__ABOUT THIS TASK__
An exact copy of all the data is needed, with every picture left out.

__Dataset records__
+++

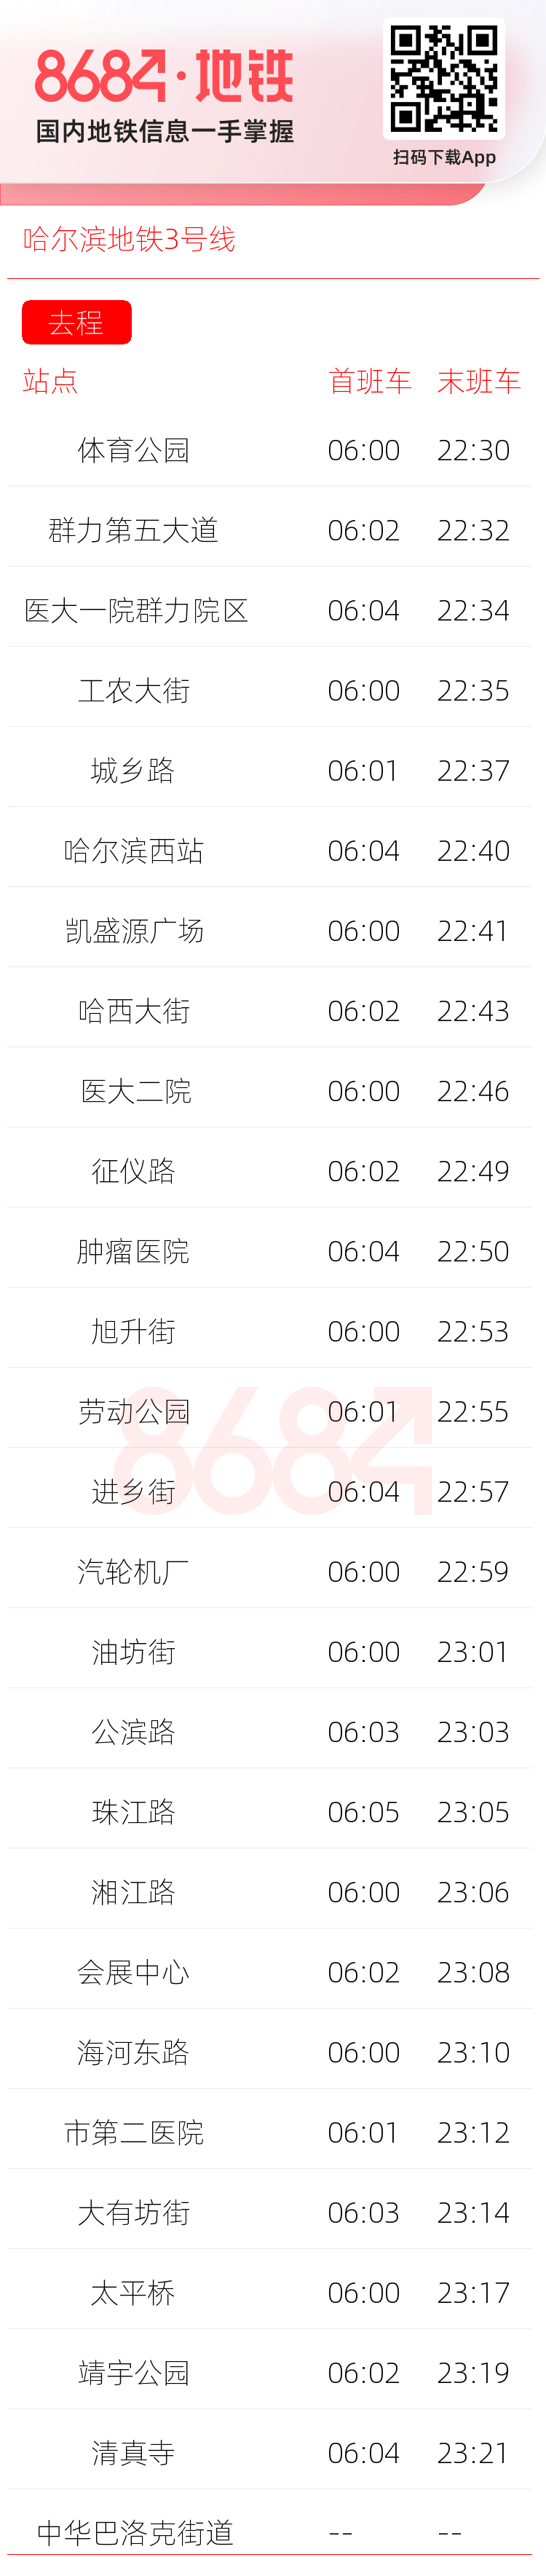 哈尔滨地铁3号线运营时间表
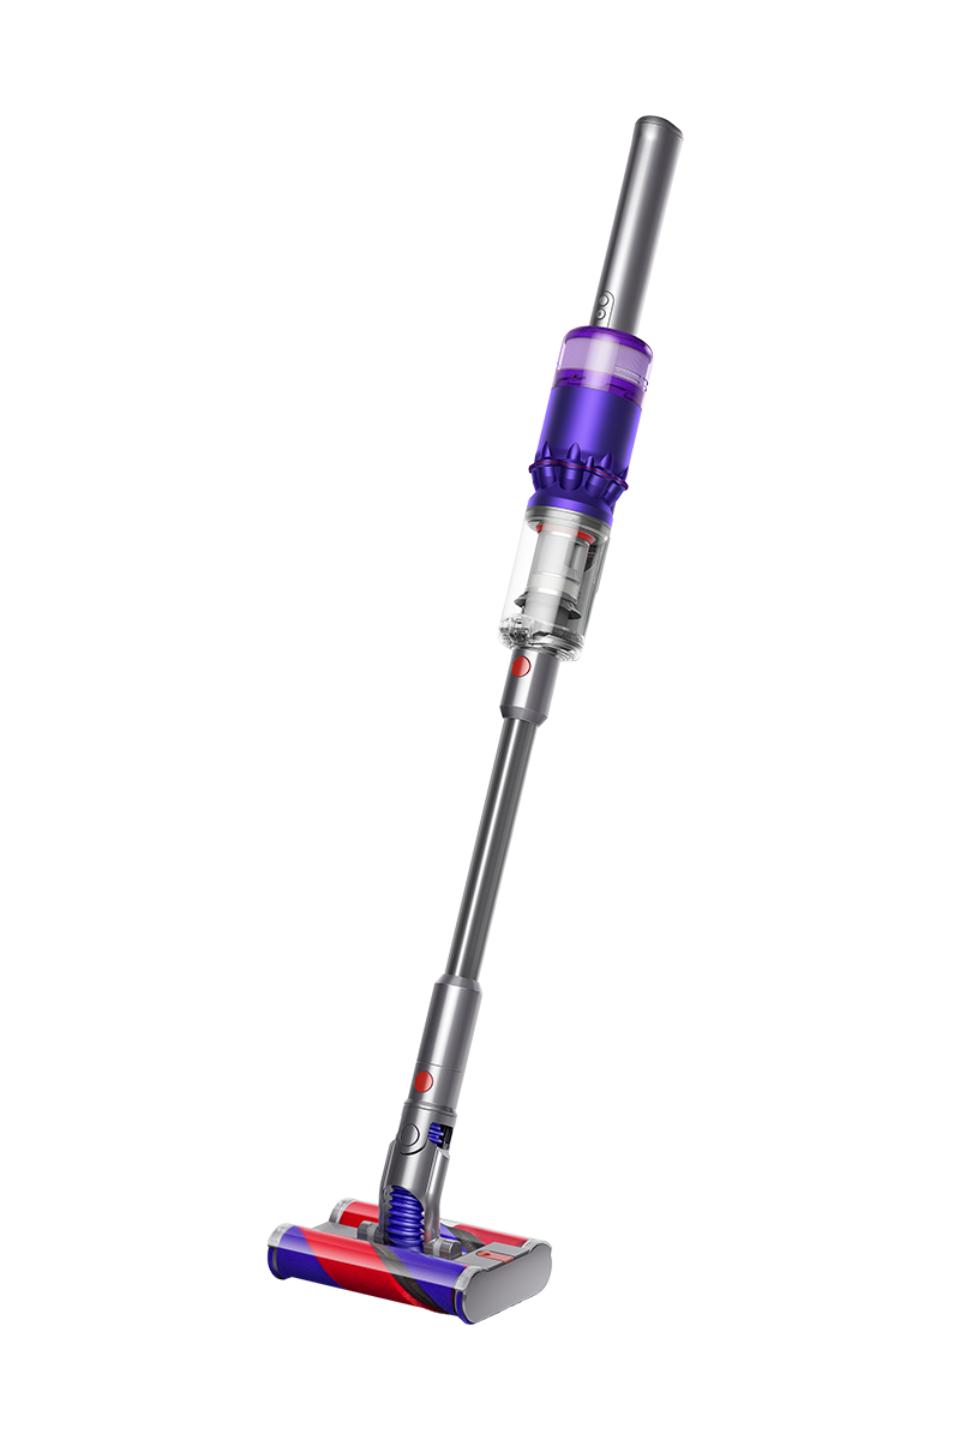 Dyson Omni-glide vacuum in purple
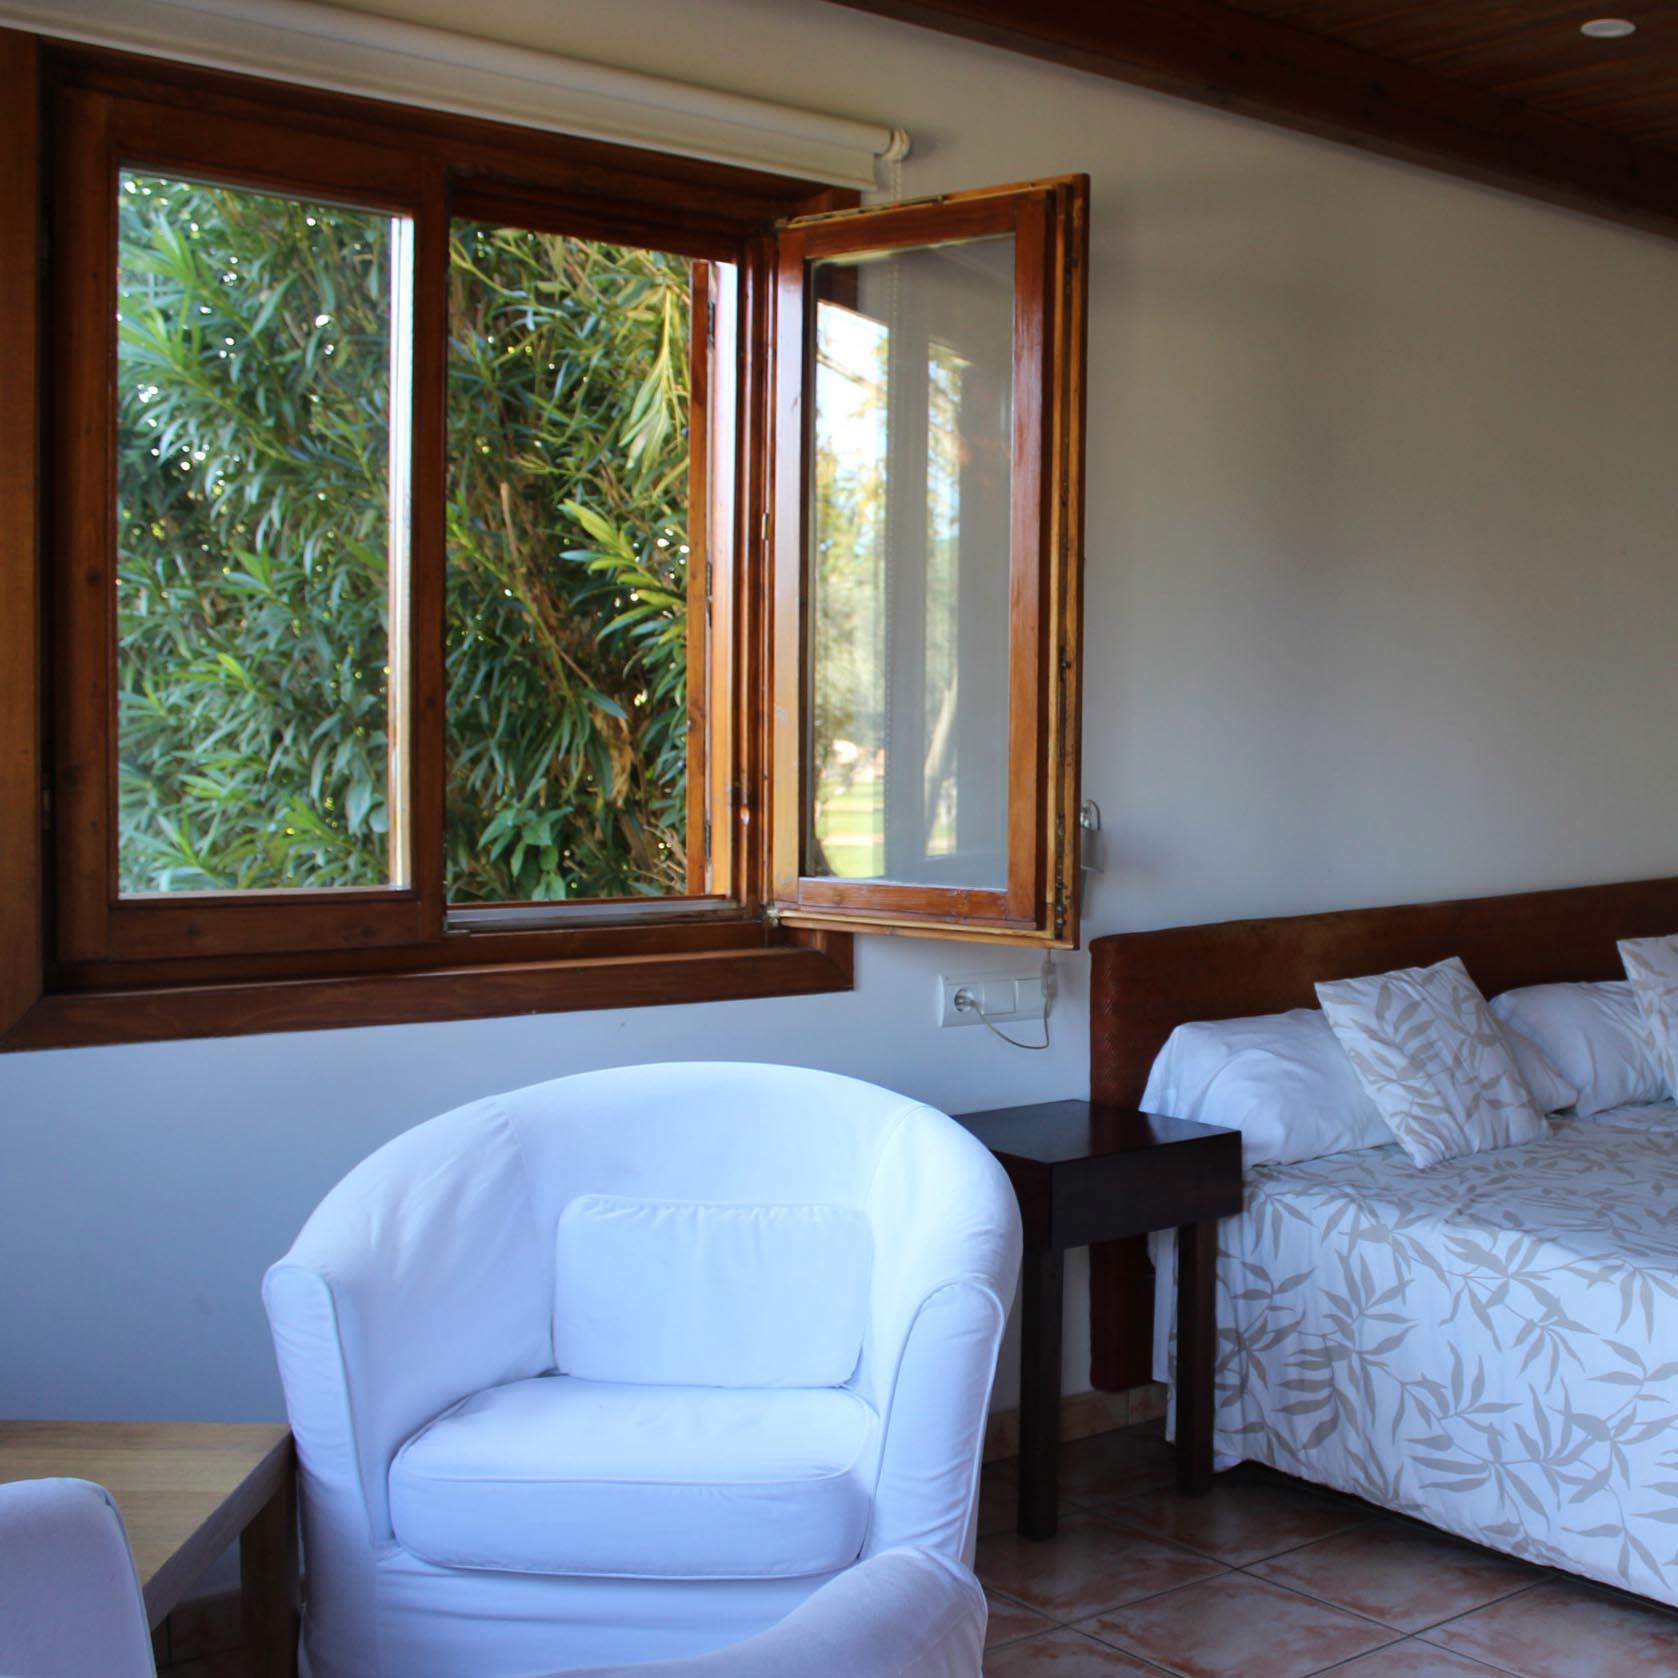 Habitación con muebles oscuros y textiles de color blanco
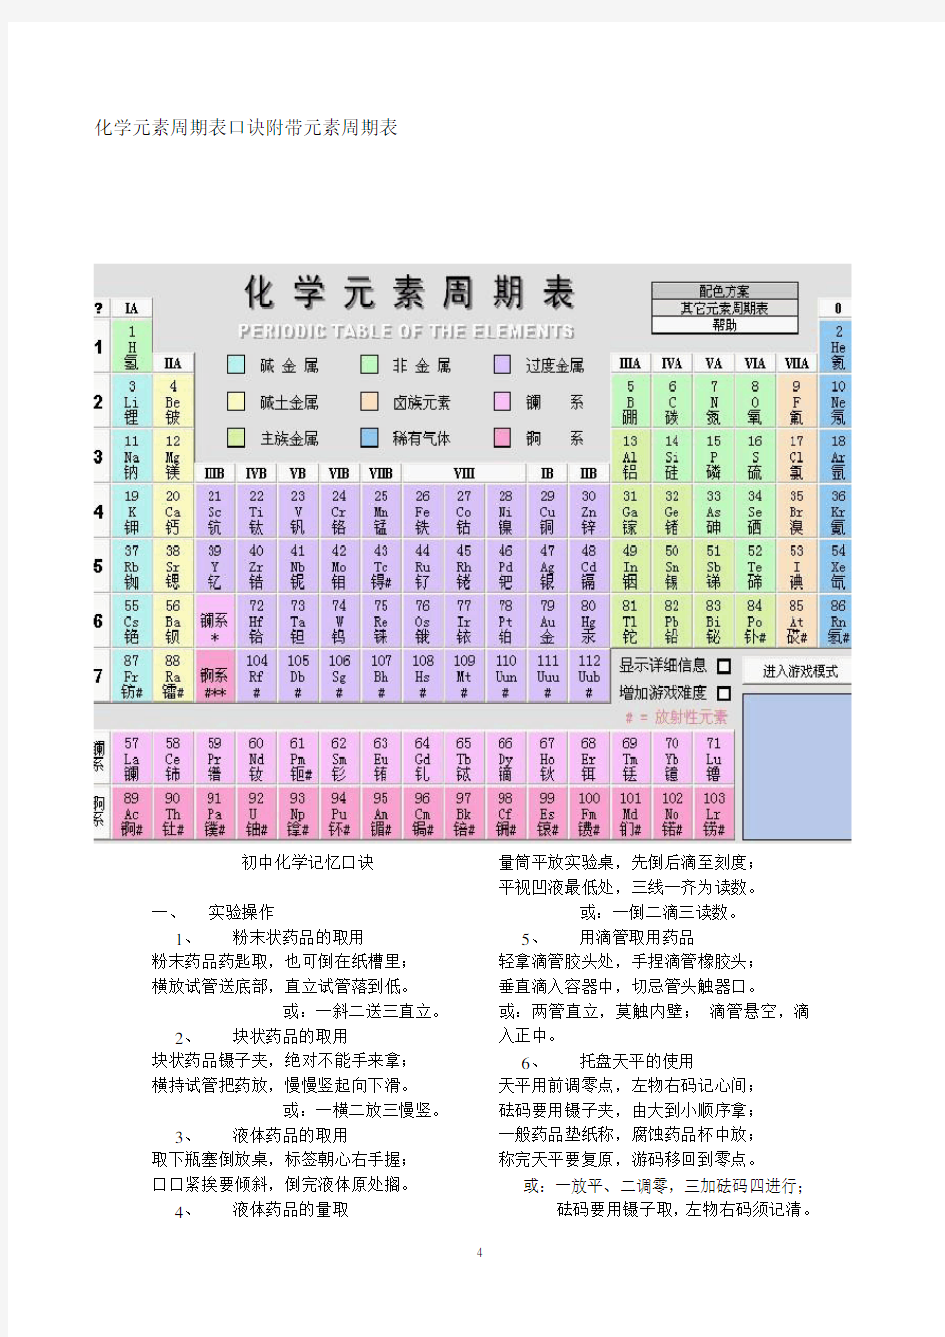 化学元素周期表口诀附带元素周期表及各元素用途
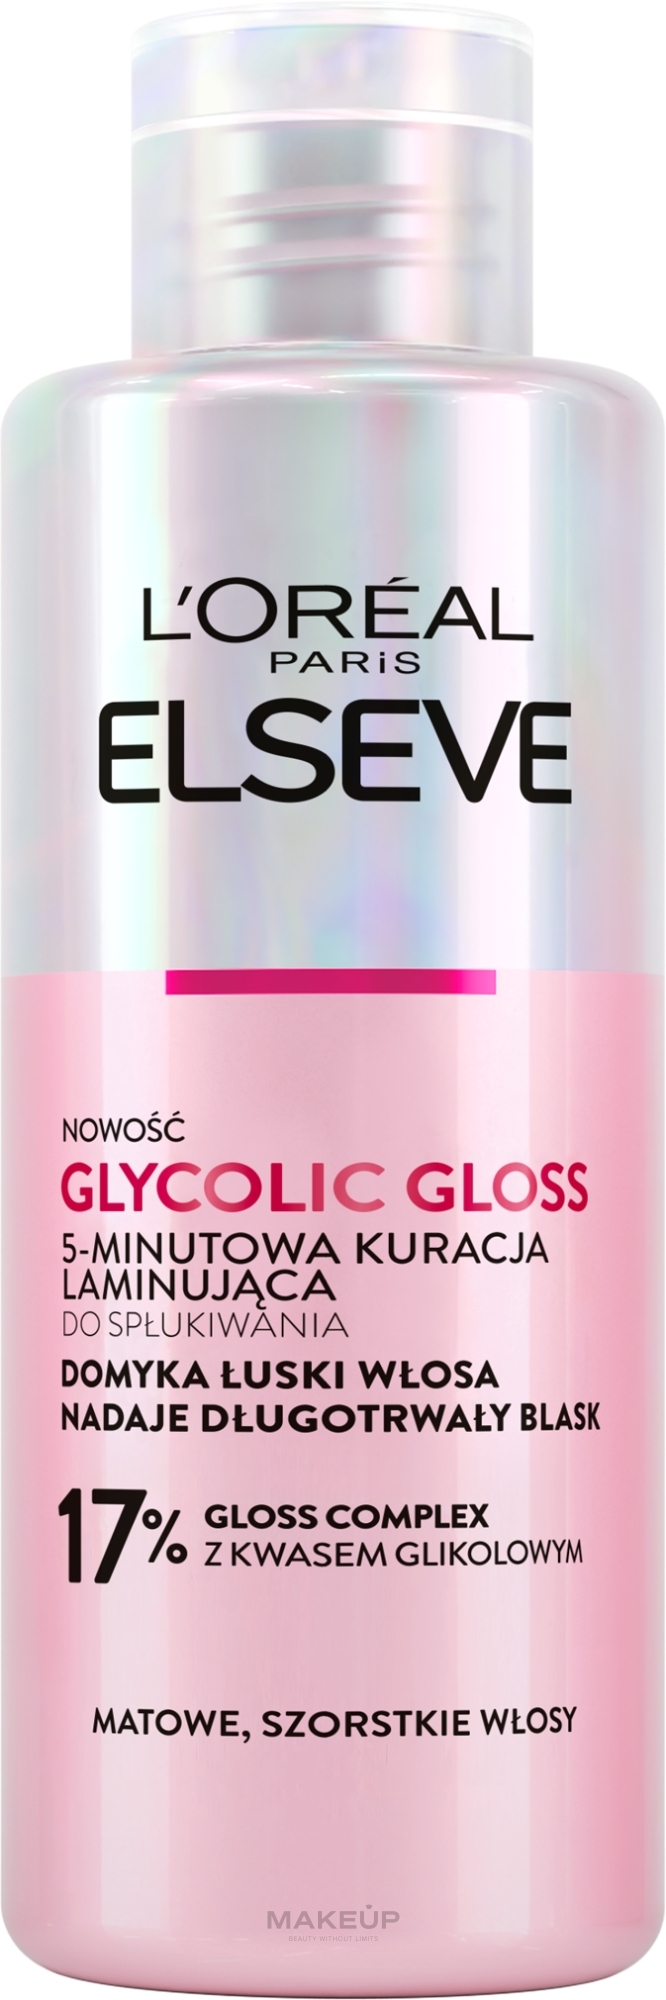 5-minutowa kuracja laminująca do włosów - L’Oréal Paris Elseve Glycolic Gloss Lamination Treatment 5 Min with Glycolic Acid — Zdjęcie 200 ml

+++

__RESPONSE AREA__
 哈尔滨地铁3号线运营时间表
 Dyson Omni-glide vacuum in purple
 Habitación con muebles oscuros y textiles de color blanco
 化学元素周期表口诀附带元素周期表及各元素用途
 5-minutowa kuracja laminująca do włosów - L’Oréal Paris Elseve Glycolic Gloss Lamination Treatment 5 Min with Glycolic Acid — Zdjęcie 200 ml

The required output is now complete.